Hall Of Fame Inductee
Doris Luke
Inducted into: Builder Division in 2006
Inducted into: Player Division in 1986
Location: Toronto
Deceased: DEC
- Builder
- Player
Doris Luke should be recognized as one of the first coaches in our sport. From her background days in softball, Doris developed a bowling style that allowed her average to reach as high as 256.
In the mid-1950s, bowling was beginning to organize and, on the adult side, Doris was an executive member of the Ontario Bowlers Council when this group formed in 1956. Moreover, she recognized that the future of any sport is in the development of the youth and Doris started one of the first youth programs at Beach Bowl, and this effort was truly original as the first youth program, the Canadian Junior Bowling Council, did not begin until 1958. Ten years later, when Doris had settled at New Shamrock Bowl on Coxwell Avenue in Toronto, she started a Young Adult League and this was a forerunner of the successful Young Adult Bowlers Association that continues to this day.
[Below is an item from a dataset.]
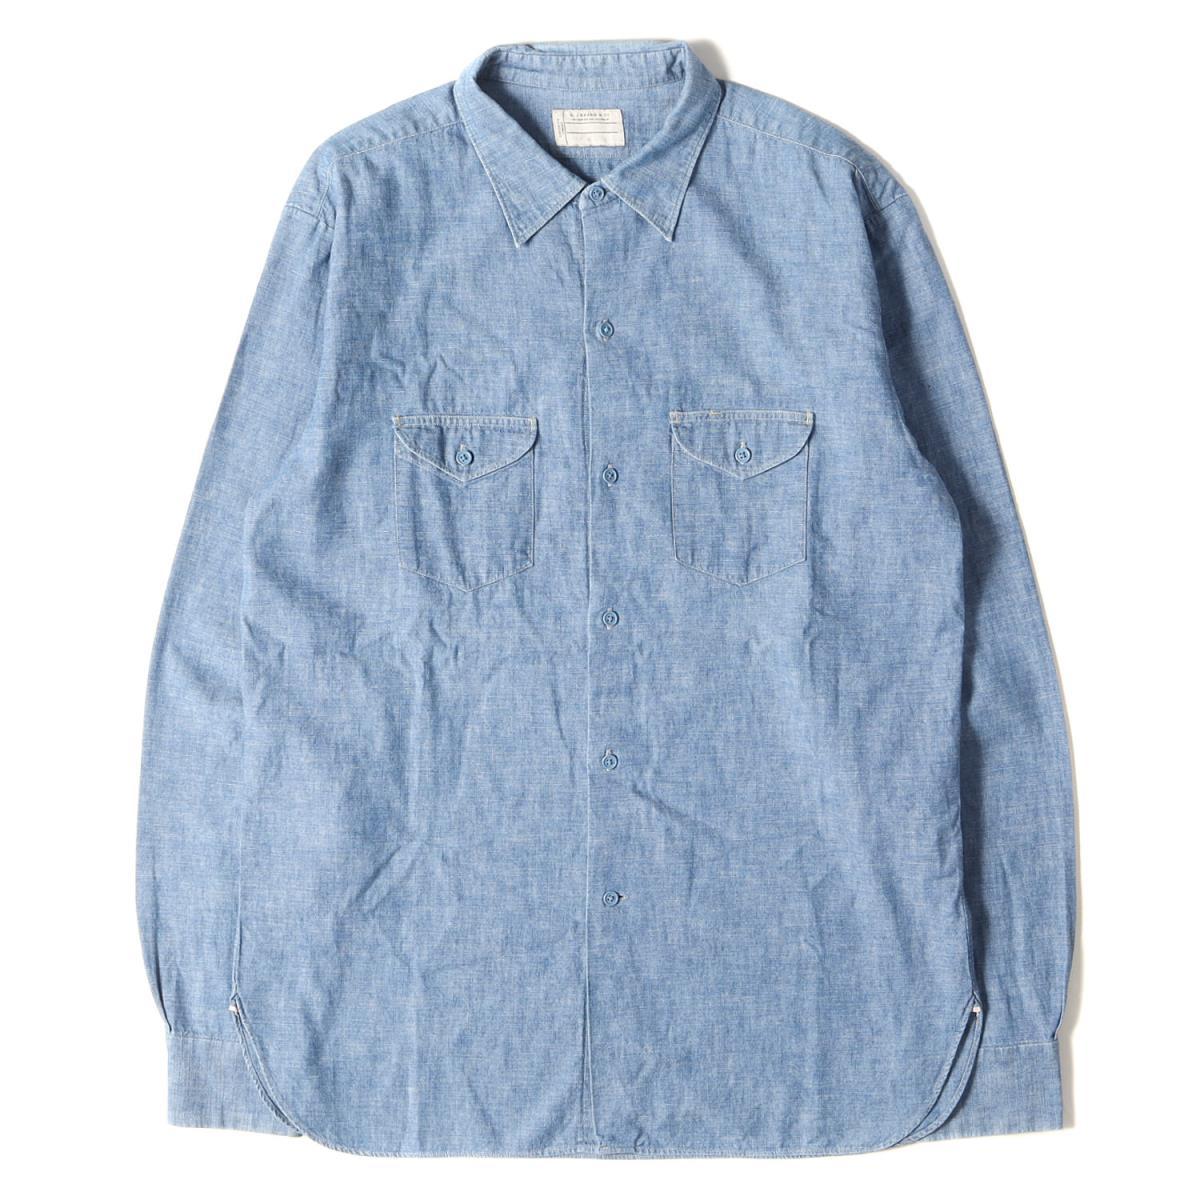 トップス, カジュアルシャツ Old Joe 15 12(M) K3150

The Bowling Proprietors Association of Ontario, the group that eventually formed the Youth Bowling Council, recognized Doriss contribution to bowling in April 1992 with a certificate to acknowledge her volunteerism as well as dedicated and distinguished service to youth bowling in Ontario.
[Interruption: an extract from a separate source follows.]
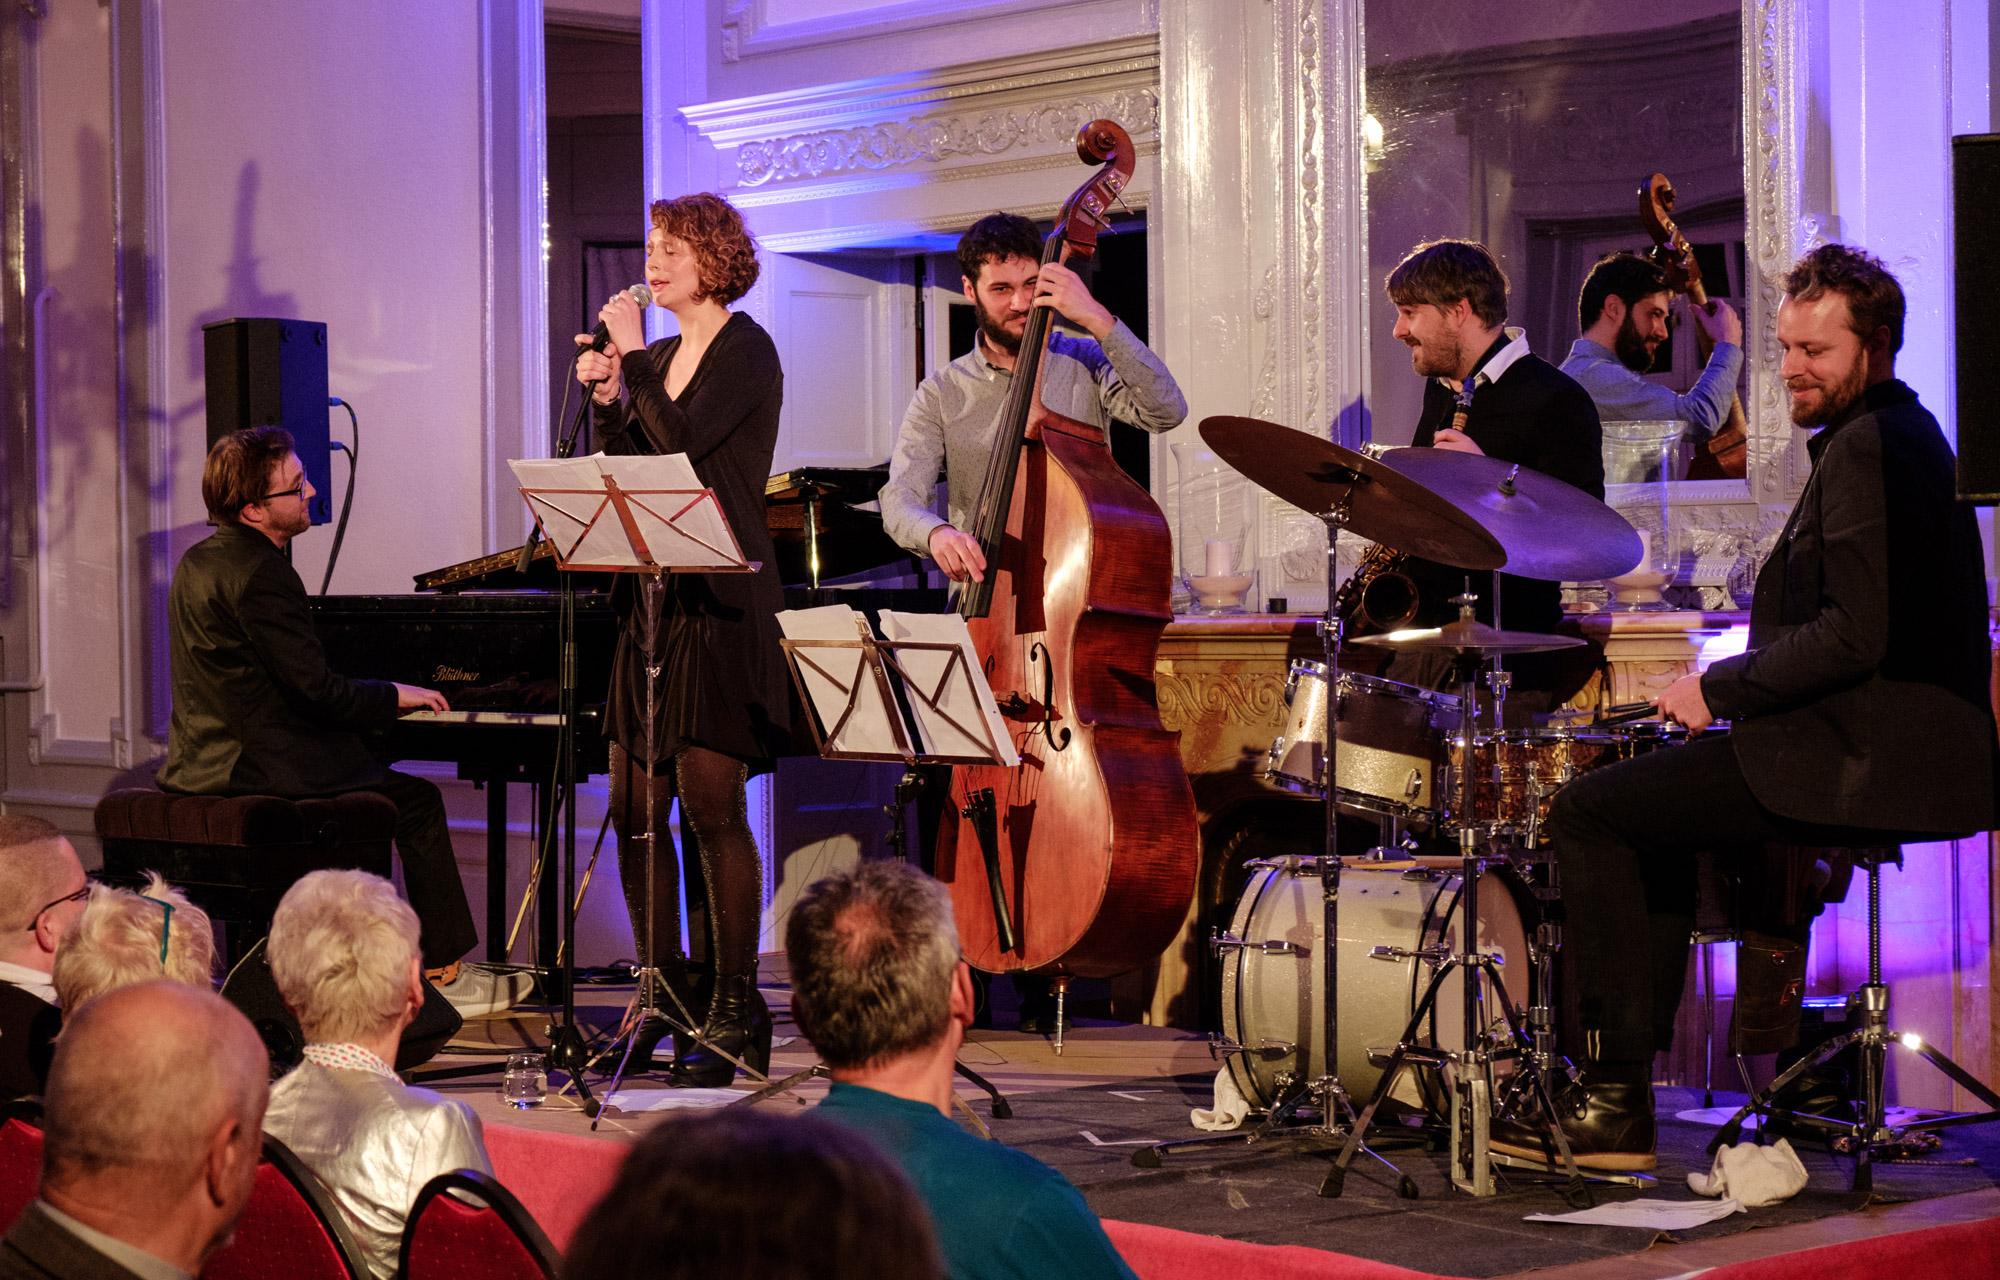 Anna Maria Sturm At Women In Jazz Ruediger Schestagde

For more than thirty years, Doris served as President, Secretary and Advisor to the Toronto 5 Pin Bowlers Association and Doris received a Life Membership from the Metro Association in 1994. In addition, Doris served as secretary of several leagues including two of the most prestigious of the day, the Olympia Mixed Major League and the Ladies City Major League.
Doris was an integral part of the bowling clinics that were sponsored by the Toronto Star and conducted every day, Monday to Friday, in Toronto bowling centres. Under the leadership of dual Hall of Fame inductee Mabel MacDowell, these clinics visited more than twenty centres and listed for six weeks. As well as Mabel, the instruction crew included fellow inductee Theda Procher, Hall of Famers Marge Bentley and Janet Peel, and Eileen Huston, Tiny Baker, Marg Walford, Vi Warn and Dot Glandfield.
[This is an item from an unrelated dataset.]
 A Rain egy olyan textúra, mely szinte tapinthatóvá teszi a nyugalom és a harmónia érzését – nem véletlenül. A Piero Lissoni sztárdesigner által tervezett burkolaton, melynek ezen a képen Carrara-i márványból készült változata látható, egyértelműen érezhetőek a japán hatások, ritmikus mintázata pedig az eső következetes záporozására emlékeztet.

While Doris bowled on several championship teams, she coached several more. Specifically, she coached the Toronto mixed team to a national championship in 1964 and followed with two ladies team titles in 1966 and 1967. Even before Doris retired in 1999 at the age of 85, she was an important contributor to this Hall of Fame program, adding her expertise to the selection of the top bowlers of her era. Be assured, Doris enjoyed an outstanding fifty year career, both on and off the lanes.
DORIS LUKE of Toronto has excelled on the lanes as both a competitor and a coach, and has been involved in the sports instruction and coaching programs for more than 30 years. She was a bowler on Toronto Ladies Teams that won four Ontario Championships, in 1956, 1958, 1962 and 1965, and coached the Toronto Ladies to the Ontario Championships in 1966 and 1968. Three of those teams she bowled on in 1958, 1962 and 1965 went on to win the Canadian Open Championships. Doris says her most satisfying achievement was taking a Toronto Mixed Team that won the Ontario Championships out west in 1964, and coaching it to victory in the Canadian Championships, even though, at least on paper, it wasnt the best team there! Twice in widely-spaced seasons, in 1955 and again in 1966, she maintained her best average of 256. In 1957 she concluded a season with a 254 average, the best in the house, in a mixed major league at the popular Beach Alleys. In 1962, in the playoffs of the Metro Ladies Major League, Doris set a record that still stands, felling 3916 pins in 15 games.